- **Task to carry out**
When the line with "20 Pack Maple Candied Salmon-Jerky" turns up below, begin repeating exactly, and carry on through the line with "Hilti's mobile repair"; no pictures go into the copy.

- **Data listing**
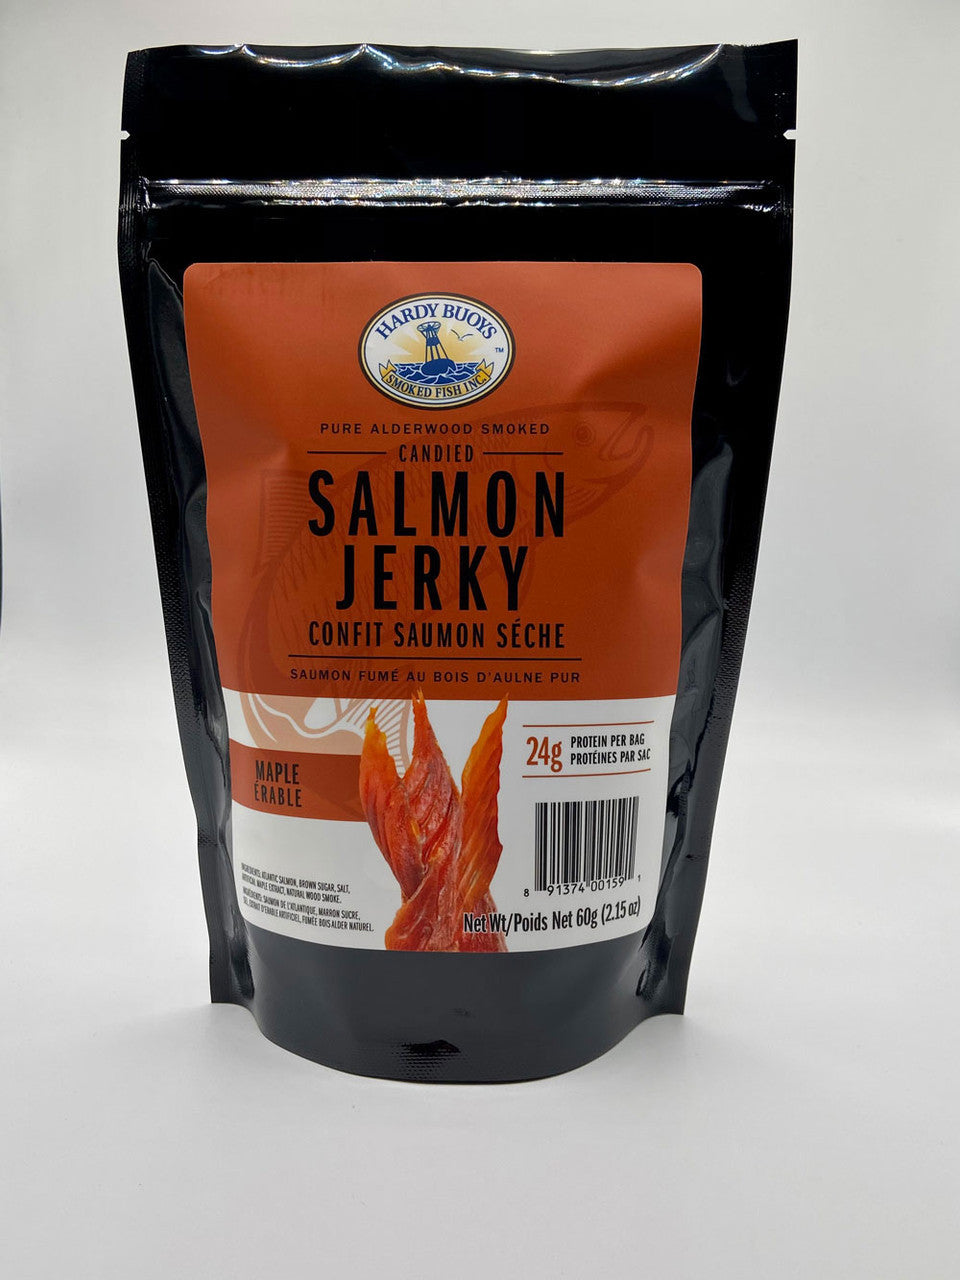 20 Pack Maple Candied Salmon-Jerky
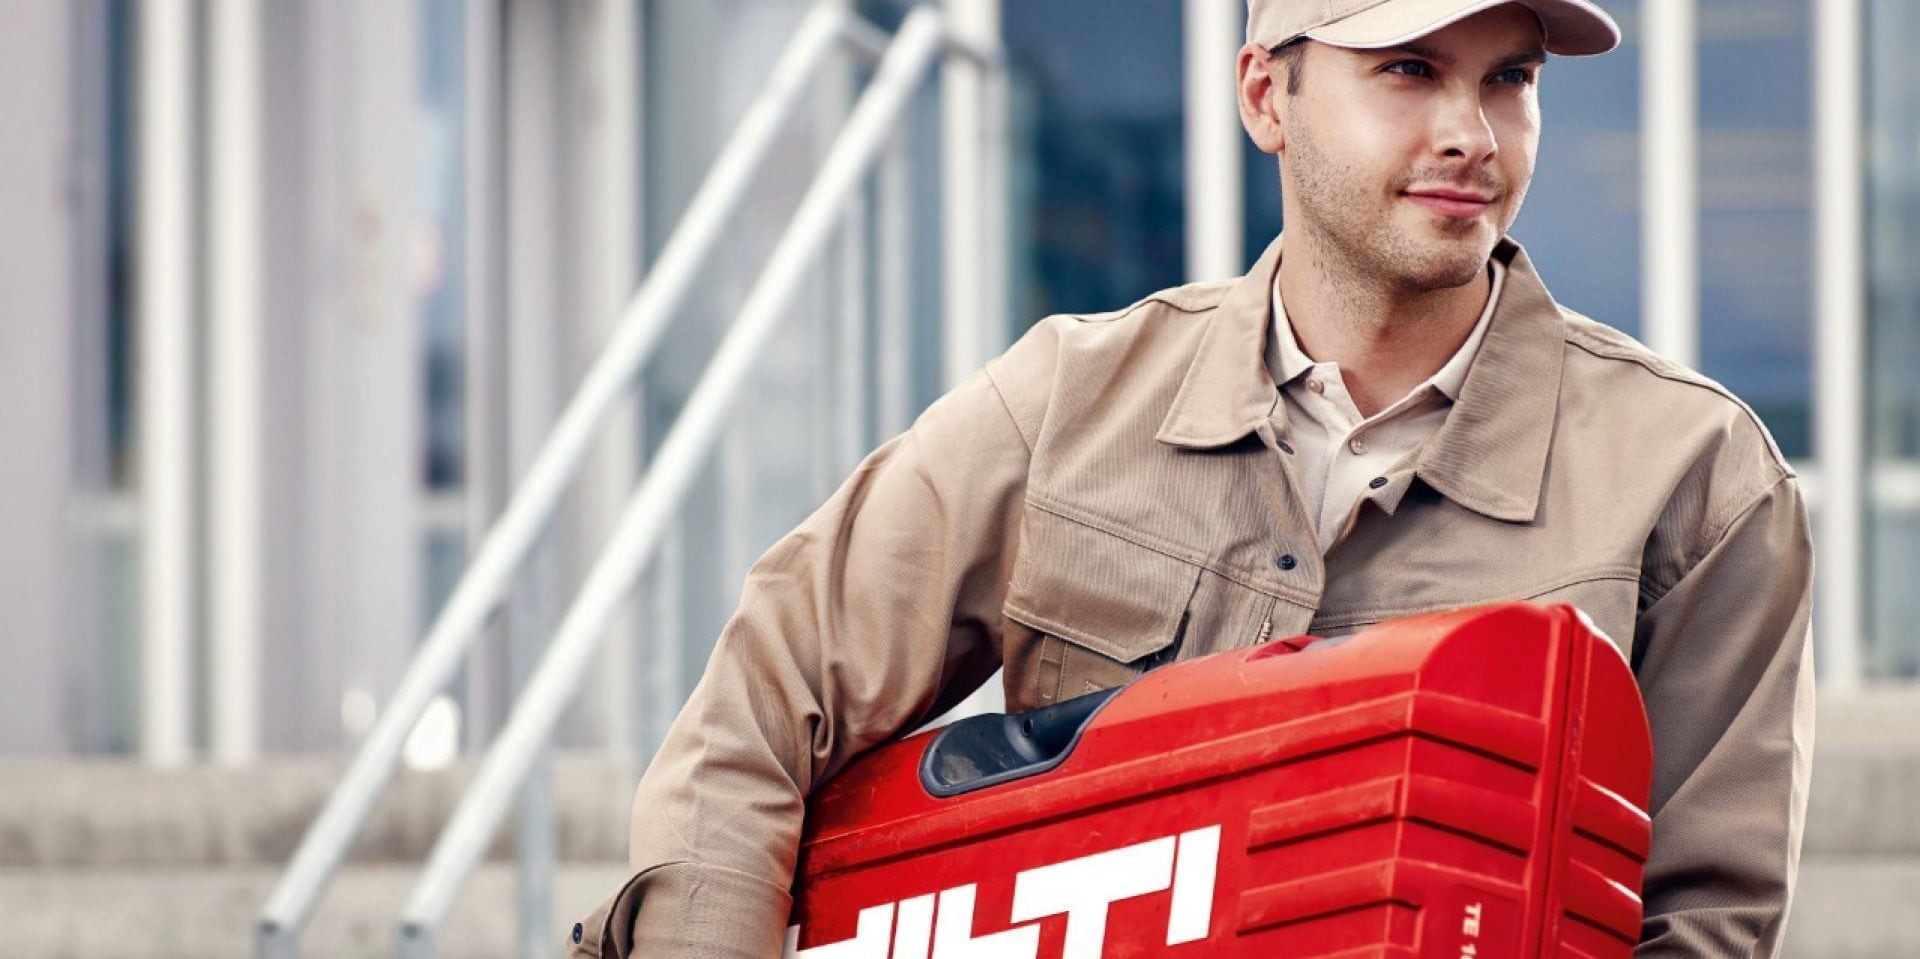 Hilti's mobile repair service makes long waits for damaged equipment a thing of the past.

...

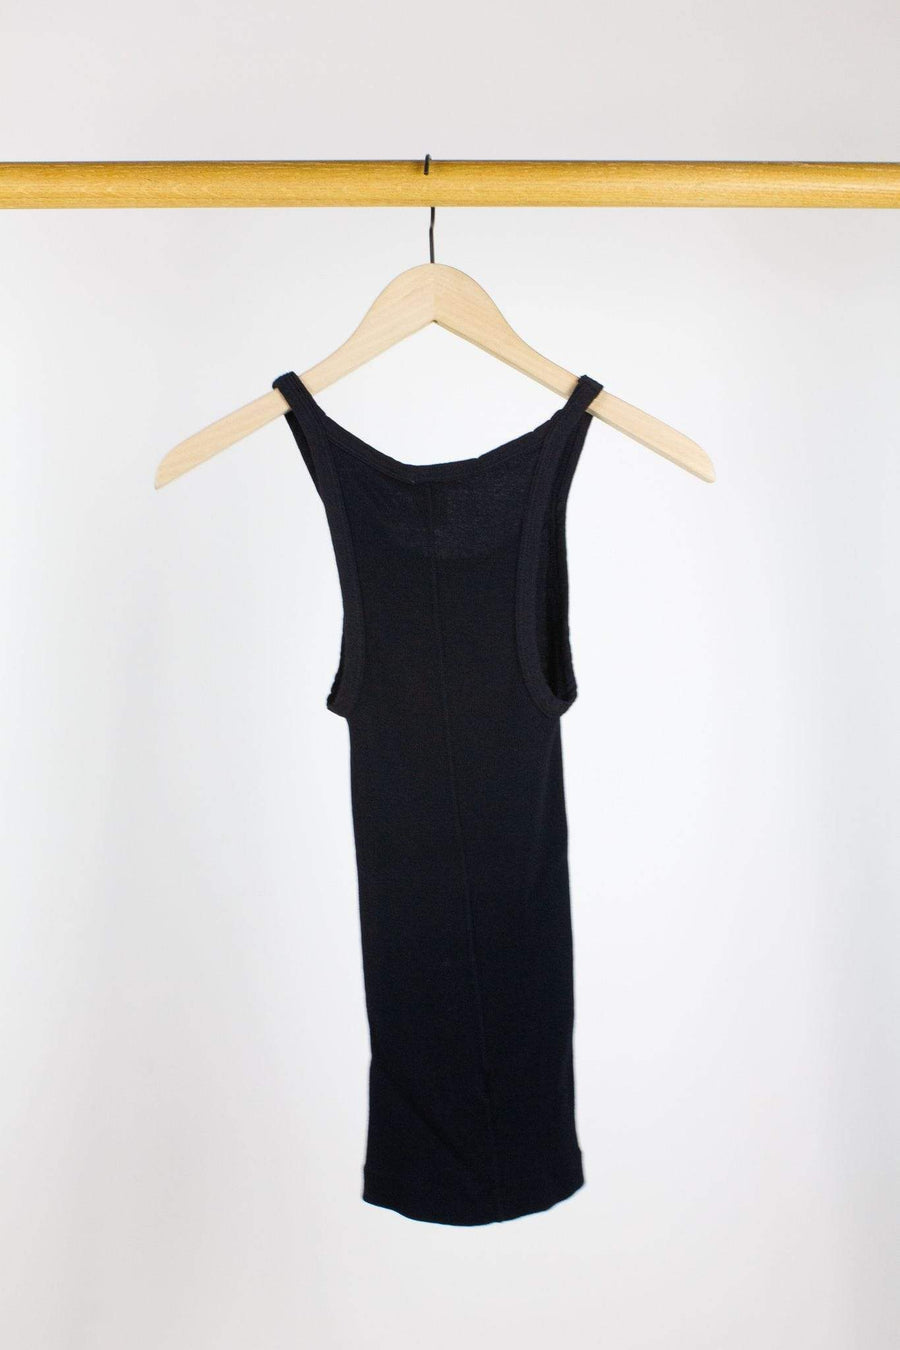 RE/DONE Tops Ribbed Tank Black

- **Completed exercise**
 20 Pack Maple Candied Salmon-Jerky
 Hilti's mobile repair service makes long waits for damaged equipment a thing of the past.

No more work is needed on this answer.